Perhaps two years ago, I discovered the music of Palestrina. Specifically, his Missa Aeterna Christi Munera, a church Mass setting written in 1590. I discovered this because my choir sang it one Sunday. I immediately ordered this beautiful piece of music on CD; it lived in my car and was rarely taken out of the CD player. There were times it remained on repeat consistently; this exquisite music was one of the few spots of light in darkness, one of the few flickers of beauty in the bleakness of living in a domestic violence war-zone. It was also a reminder to me of the choir, around which my week revolved, my one point of safety in what was narrowing down to a small and hostile universe.
Then, perhaps a year and a half ago, things got to be too much. I could not see a way clear. I could not see a future other than the one I was living, the one that was slowly killing me. I could not see hope, or that I was worthy of something more. As far as I could see, the darkness had entirely overwhelmed the light.
It was a Sunday morning. I don’t remember specifics, but, with the weight of the alcohol-fouled words and actions of the night before riding heavy on my shoulders, I left home early and drove up to King Edward Park, a small botanical garden which overlooks the cliff face. You park at the lookout and then climb some steps to the very top; from there you can stand at the fence with nothing between you and the oblivion of rocks and water but for a few fragile railings. The fence is laughably easy to climb. I did this, and I stood overlooking the water. There, with the sun on my shoulders, watching waves pound themselves to roiling rage on the rocks far below. All the things that meant anything to me were screaming distantly in my head, but they weren’t loud enough to penetrate foggy despair; I didn’t feel frightened: all I felt was a gentle sense of relief. Then, I was visited by a thought: Fuck. We’re singing the Missa Aeterna today. If I do this, if I step off the edge and commit myself to the rocks below, I’ll miss out on Palestrina.
So I climbed back over the fence, walked down the steps, got into my car and drove to rehearsal at the Cathedral, as though nothing had happened.

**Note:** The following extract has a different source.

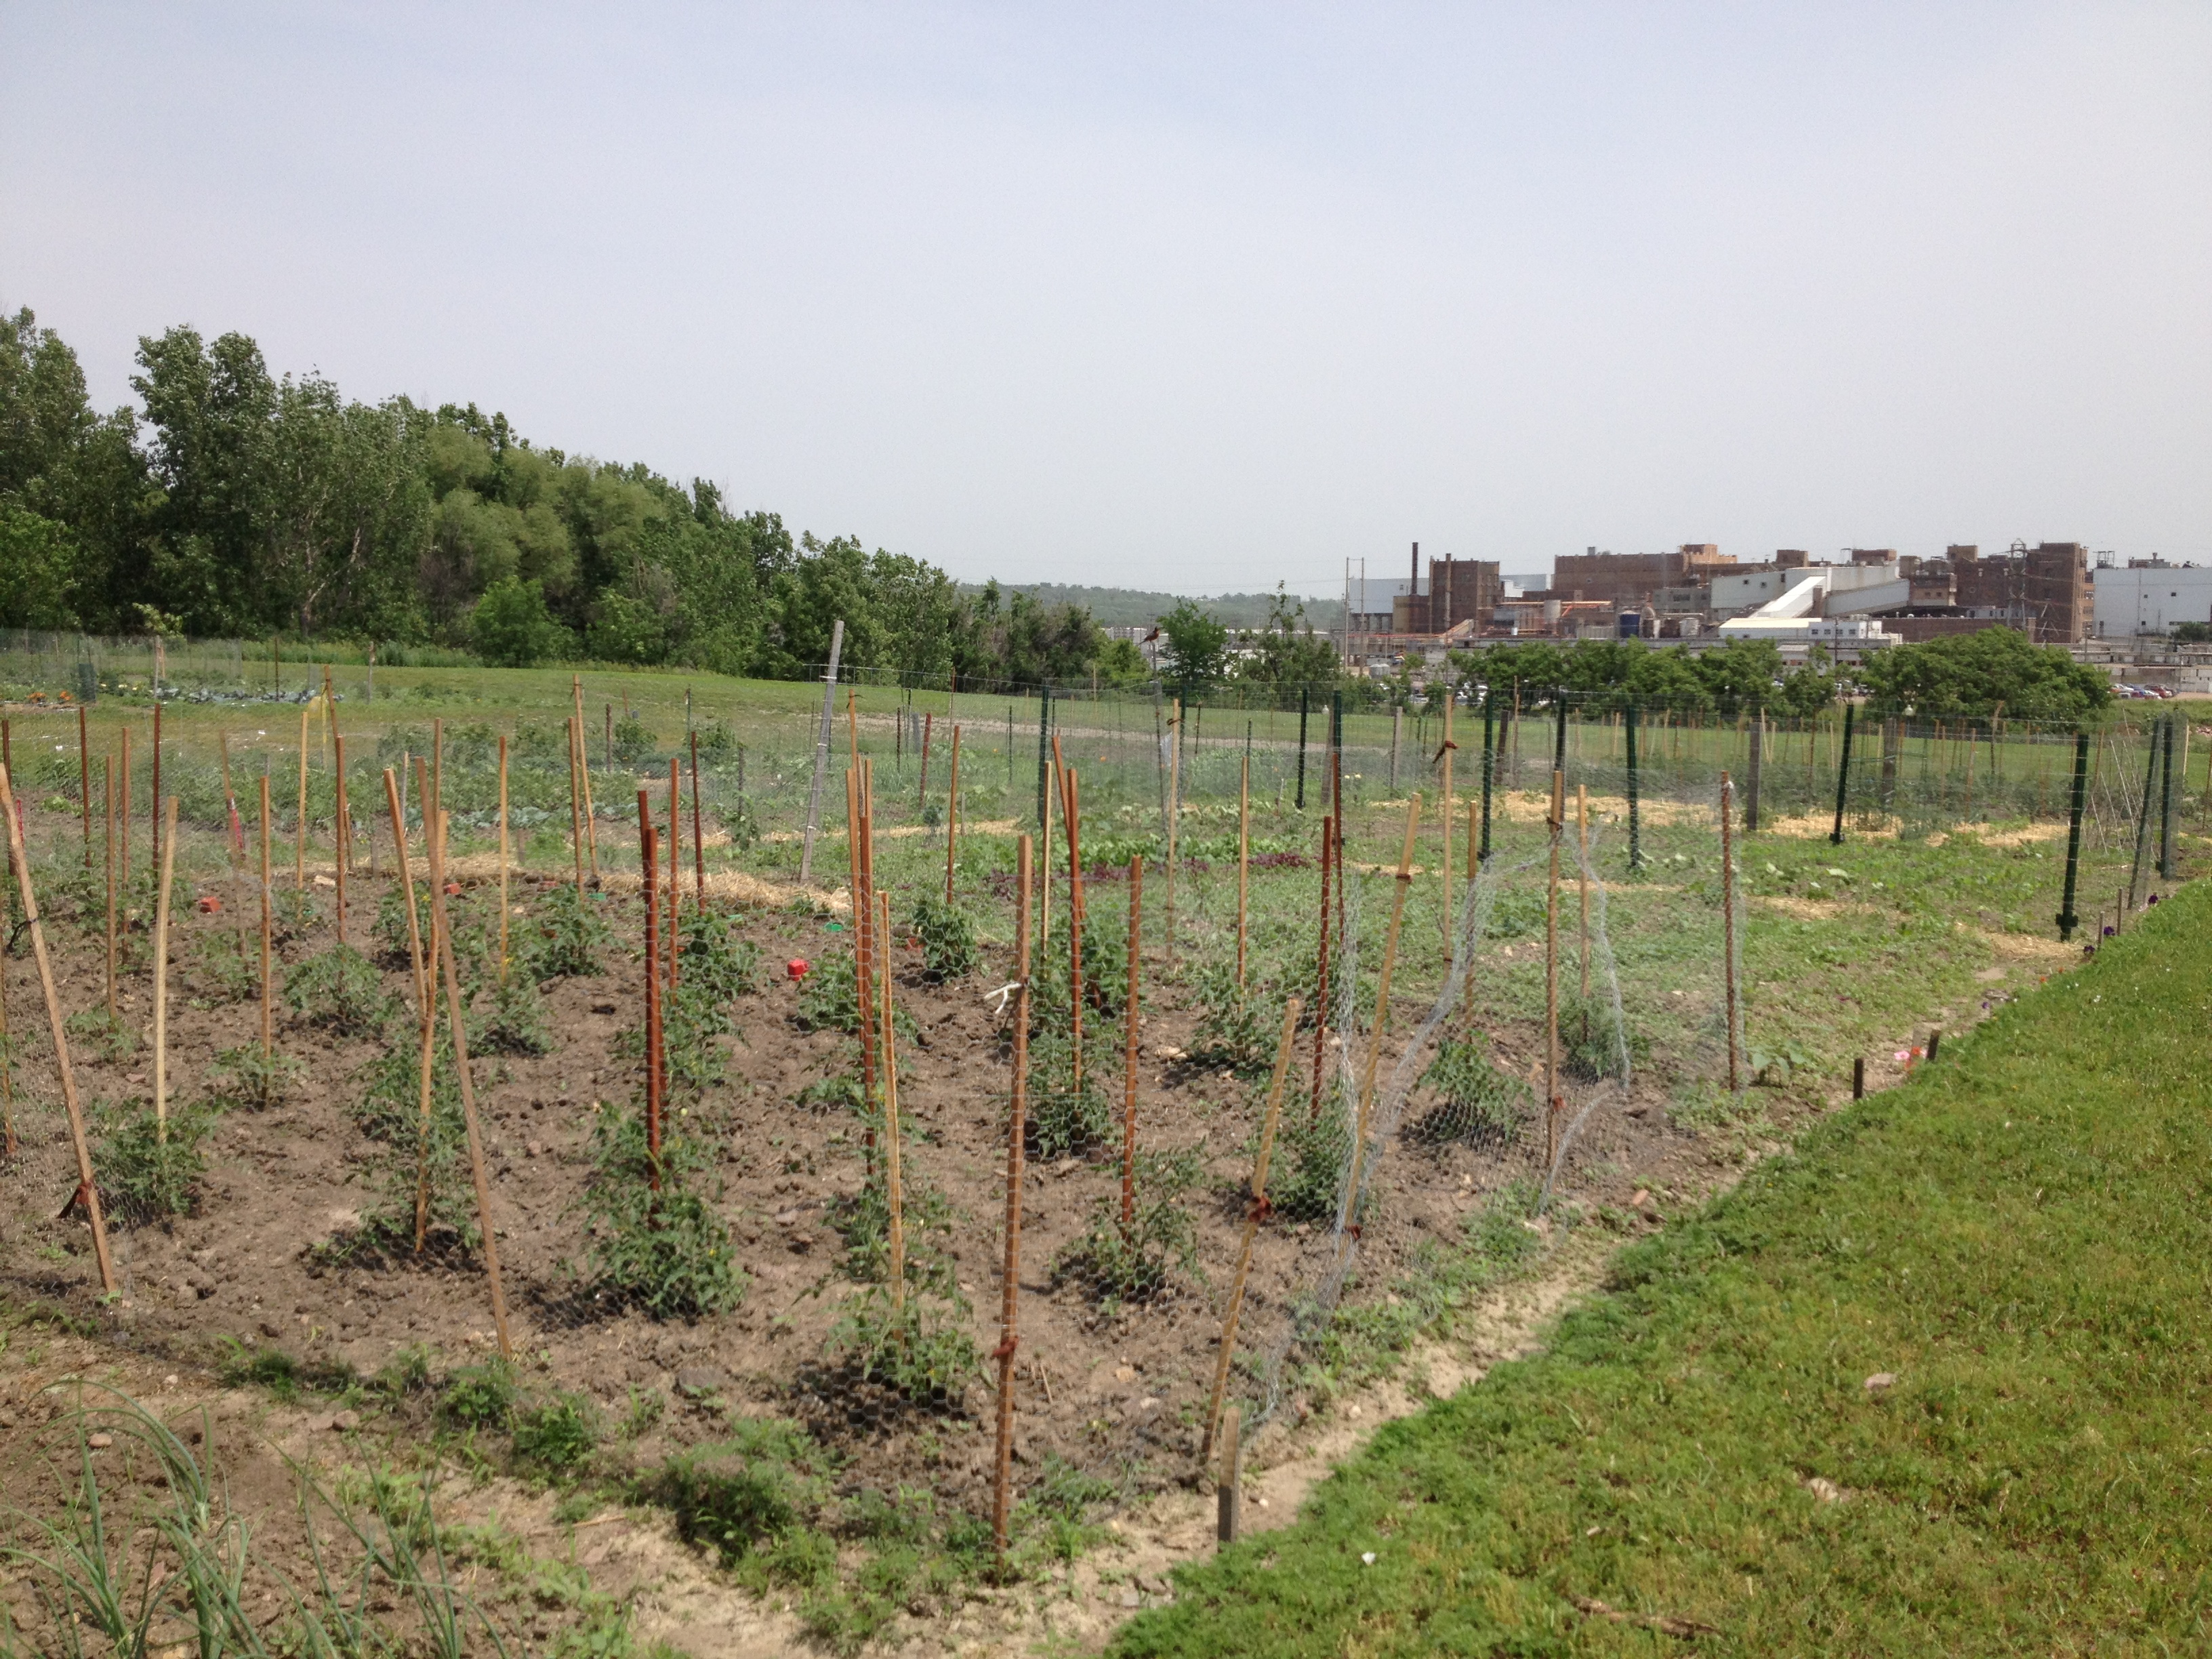 A community garden plot with several tomato plants growing.
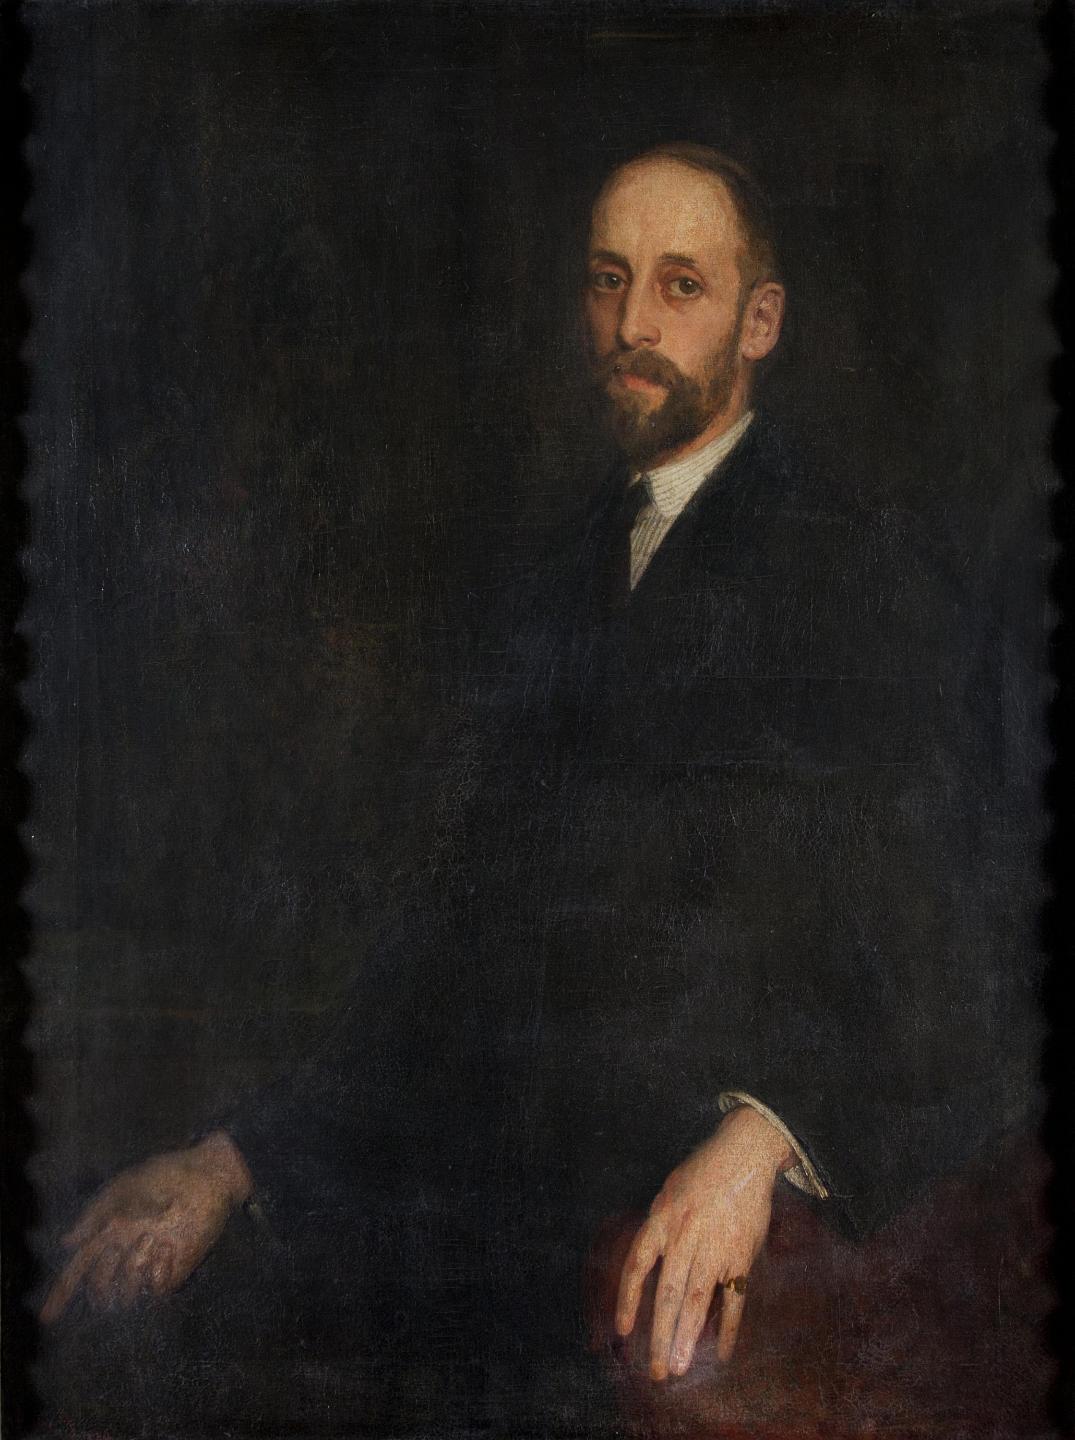 Gerald Festus Kelly, Portrait of Sir Hugh Lane, c.1911, oil on canvas, 112.3 x 84.4 cm. Purchased, with assistance from the Friends of the National Collections of Ireland, 1961 (Gibson Bequest Fund).

We’ve sung that Mass once since that day, but today we sang it again. I stood, listening to the intertwining parts of the Agnus Dei, the final prayer before the bread and wine are given for Communion; waiting to sing my part, listening to the flowing arabesque of melody, I felt a profound sense of being alive, and of being grateful for that. I felt it filling up my chest and flowing in my voice as I raised it to mingle with the others’. For the first time ever the tears in my throat didn’t stifle my music. I sang the vibrant reality of my own survival, of the strength and wholeness of my own soul. I sang the unyielding solidity of the knowledge of my own life force connecting me so intimately with everything around me, to the Source of all. I sang pure, living gratitude.
Four hundred and twenty three years ago a man sat down to write a Mass because it was his job; four hundred and twenty one-odd years later that music gave some girl in a country he’d never heard of, thinking to escape a world he could barely imagine, something to hold onto. And now that same piece of music stands testament to her survival. To the reality of the sacred Source.
My parents carry the pain of this within them and I can never express how grateful I am for their love, how they too kept me going through this shadow. My mum said that she blesses Palestrina for that moment in my life. I bless Palestrina too. This morning I blessed him with my tears, and they were grateful tears.